This was my entry in the Hunger Games Writing Contest. My friends had been encouraging me to write one (mostly to ensure that they got to read it early), and I finally relented. When I got home from school, I realized that the last day to enter was the next day and hastily let my fingers run free atop my keyboard. Needless to say, this was a spurr-of-the-moment paper. The topic: How would you win the Hunger Games?


Their death is my survival.


That was the truth.


Their death is my family’s survival—an even greater truth.


This was what I had come to. I must resort to killing to sustain myself and my family. How was I to do it? I had felt no shame in admitting to myself the obvious—I was a snail when it came to the ability to use physical force to my advantage. The balance of advantages was constantly swaying to and fro. We were up against others with skills so different and foreign that we couldn’t even begin to plot against them. I had to assume that my many antagonists were withholding facts crucial to my survival.


Then again, could I blame them? Could I blame them for disguising the truth? No, that would make me a hypocrite. I had purposefully hidden my one useful and possibly fatal attribute.


I was clever.


I was a fox, while I was a human girl. I had my insignificant woes and follies, but, in all, I was a fox. I was sly, I was ingenious. I had within me the ability to deceive and mislead flawlessly. My red herrings were foolproof.


One of my many mentally-constructed strategies, however, surpassed all.

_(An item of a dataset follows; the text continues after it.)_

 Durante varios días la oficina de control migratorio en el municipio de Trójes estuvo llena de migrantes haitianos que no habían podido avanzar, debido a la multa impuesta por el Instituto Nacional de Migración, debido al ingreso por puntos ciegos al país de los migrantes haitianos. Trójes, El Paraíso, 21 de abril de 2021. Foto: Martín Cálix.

Mine would not be a plan of action. This was no longer The Hunger Games. This was The Battle Of The Wits. I would allow those fool-hardy, unjustifiably conceited brutes the satisfaction of murdering each other. They would be doing my dirty work without the slightest clue. I had no intention of killing more than one unlucky specimen of the desperate human race. I was not a murderer. I was not a cruel, cold-hearted killer as some of these idiots made themselves out to be. I would not shiver with fear and brutally murder a human being sharing my same goal—the privilege to go on living my life as I was meant to live it.

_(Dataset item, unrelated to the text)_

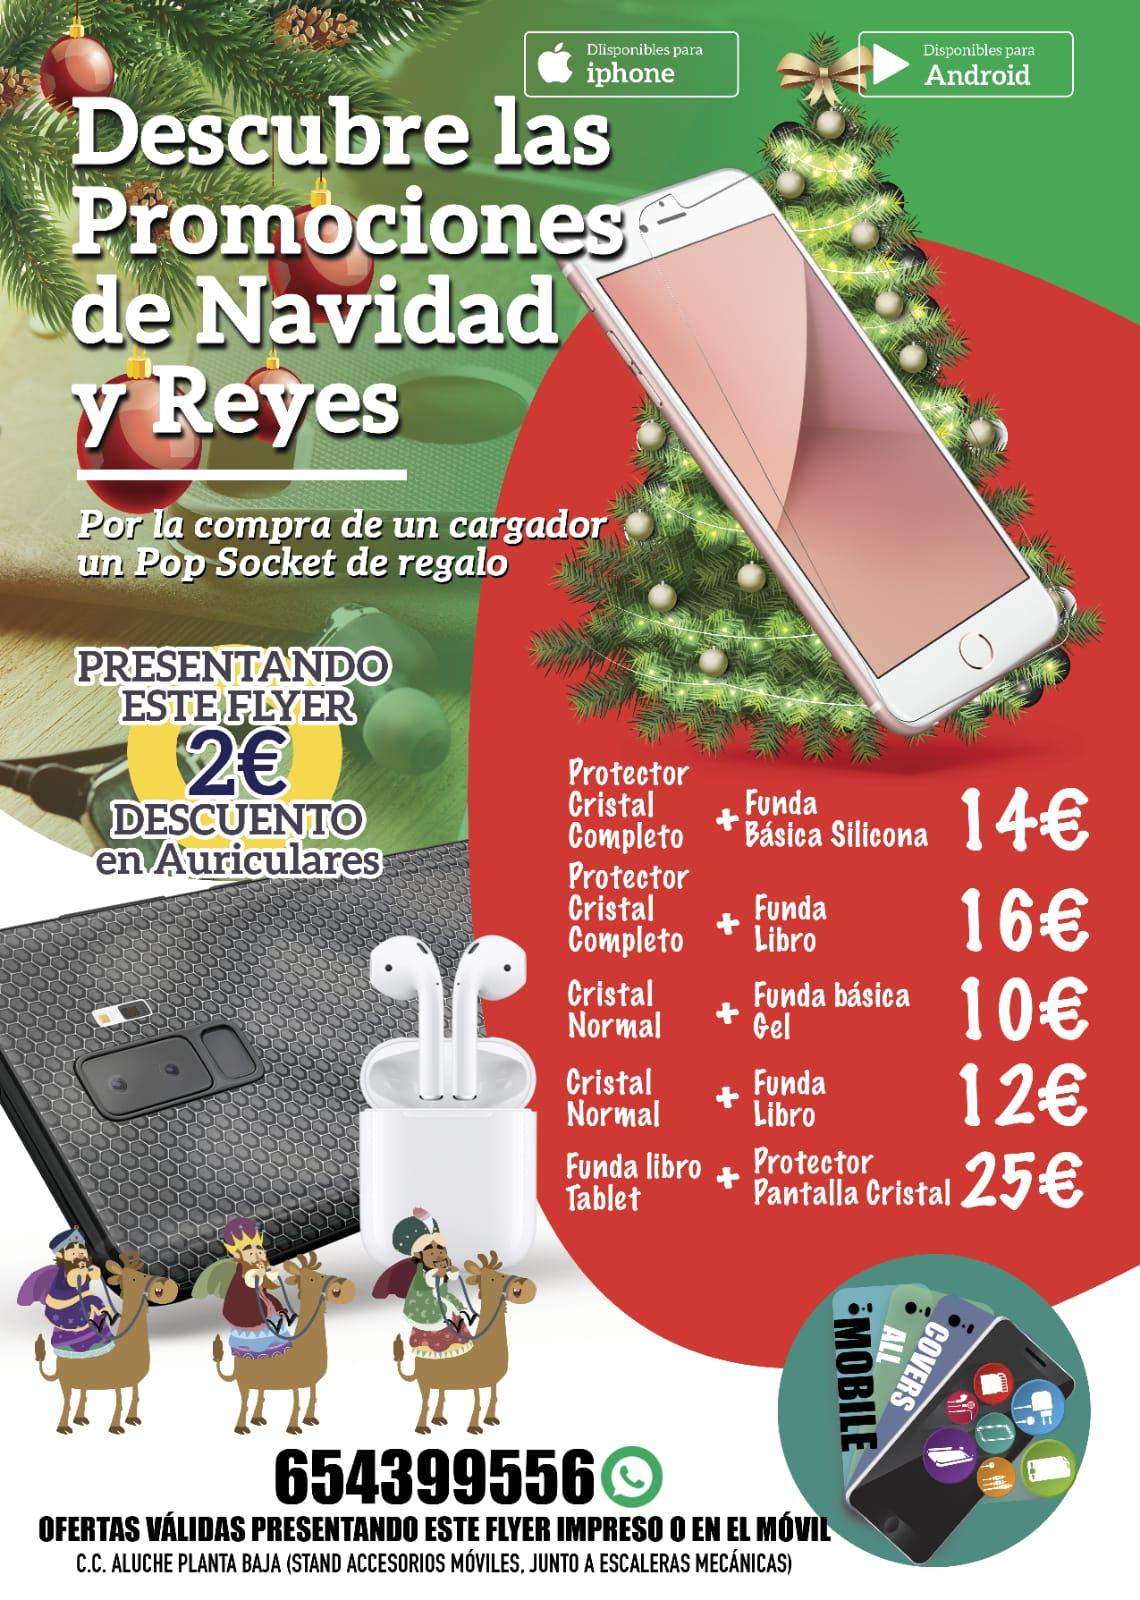 Descubre las Promociones de Navidad y Reyes

I would not act, I would watch. I would watch this bloody play from my lofty seat. I would observe from every angle with the eye of a merciless critic. I would be there to watch them dispose of our opponents. I would cringe and coil, and would try my hardest not to entertain the urge to scream– but I had a worthy goal. My family’s lives were of even greater value than mine.


I would observe every move and every twitch. I was certain that the one inarguable fact, when it came to my adversaries, was that they had weaknesses. Yes, weakness in the plural. We all have weaknesses. Perhaps I would be lucky enough to find that their weaknesses were greater than my own.


I would mentally catalogue said weaknesses and study as I had never studied before. I would plot out my victory flawlessly, leaving no defense to chance. I would watch as they killed, awaiting the last man standing.  


I would scheme deviously.


My turn to win.

One Comment leave one →
  1. juju permalink
    September 6, 2009 10:08 PM

    When you mentioned being like a fox, you know who you reminded me of? Foxface. I wish we knew more about her. I was really sad that she died. I liked her. Besides Rue, Thresh, and the obvious two, I wanted her to win (kill Cato!!!!!).

    I think you’d be a great murderer. In a strange way, that was a compliment. You wouldn’t choose that hockey mask. It’d be creepy: you, pondering what the quickest way to kill would be. Obviously, in real life you would probably choose sleeping pills (in a ice cream shake) or a freak “accident” (involving, electrical wires or plumbing!).

    You deserved that book.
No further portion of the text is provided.